Деревьев осторожно отхлебнул чай.
— Легко ли вы нашли меня, мой юный друг?
— Вы дали такие подробные указания…
— Вы знаете, я люблю эти места. Мы с братом частенько, частенько совершаем пешие туры по окрестностям. Тут неподалеку…
Далее последовал подробный, отчасти жеманный, отчасти точный в своих деталях рассказ об имевшемся поблизости заброшенном монастыре. Из интонации можно было заключить, что режиссер клерикально нейтрален. Деревьев решил, что из двух привезенных им пьес лучше будет показать ту, что построена на библейском материале.
— А что ваш братец… — покрутил головой писатель.

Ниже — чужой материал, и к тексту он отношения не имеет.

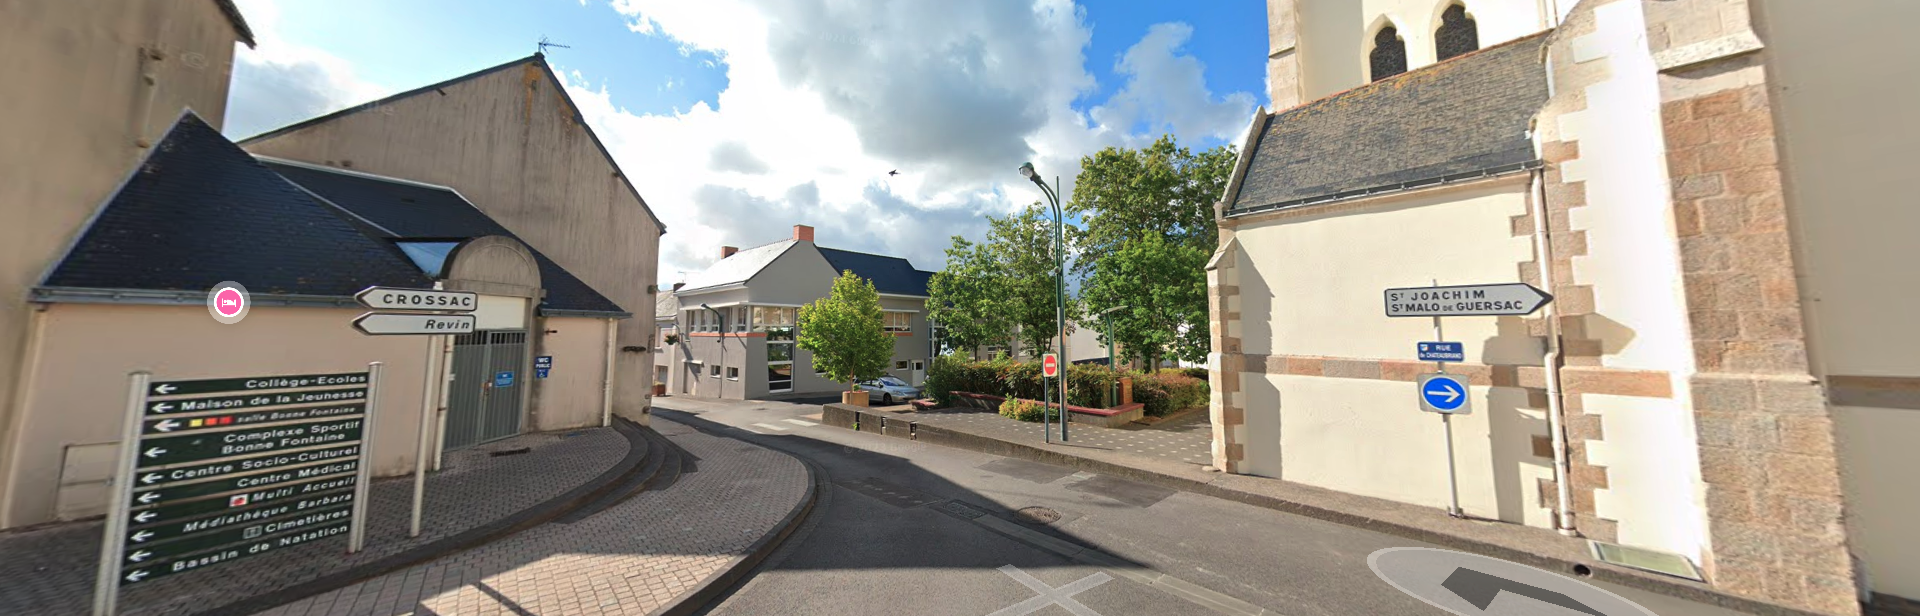 Vente Parking / Box 125m² à Saint-Malo-de-Guersac (44550) - Immobilière Riboulet

— Он в городе. Он у меня профессор и, стало быть, должен читать лекции. Ну что же, начнем, я думаю. Вы, надеюсь, привезли то, что обещали?
Деревьев открыл дипломат и вынул стопку листков.
— Это такая пьеса…
Взъерошил пятернею волосы на голове. Признак волнения. Взъерошил и подумал, что жест выглядел неделикатно в обществе лысого человека, и от этого разволновался еще больше.
— Называется пьеса «Экклез и Аст».
Глаза режиссера сделались серьезны, он поудобнее расположился в кресле.
— Тут дело в чем? Однажды, читая книгу пророка Экклезиаста, я услышал голоса.
— Голоса? — хозяин с трудом проморгался. — Какие голоса?
— В том смысле, что не голос. Не в единственном числе. Мне показалось, что книга эта отнюдь не монолог, как принято считать. Отсюда ее как бы скрытая динамика, в этом ее отличие от других ветхозаветных книг.
— А-а, да-да, — успокоенно кивнул режиссер.
— И вот, совершая, должно быть, святотатство, я позволил себе посмотреть на книгу пророка Экклезиаста как на некий материал. Сверхъестественный, но все же материал. Я решил акцентировать и даже обнажить ее диалогическую структуру. Во-первых, я родил из одного легендарного имени двух персонажей. Один Экклез, второй Аст. Мне кажется, они различны меж собой, и весьма. Экклез — человек основательный, поживший, бородатый, может быть, отец семейства. Человек добропорядочный.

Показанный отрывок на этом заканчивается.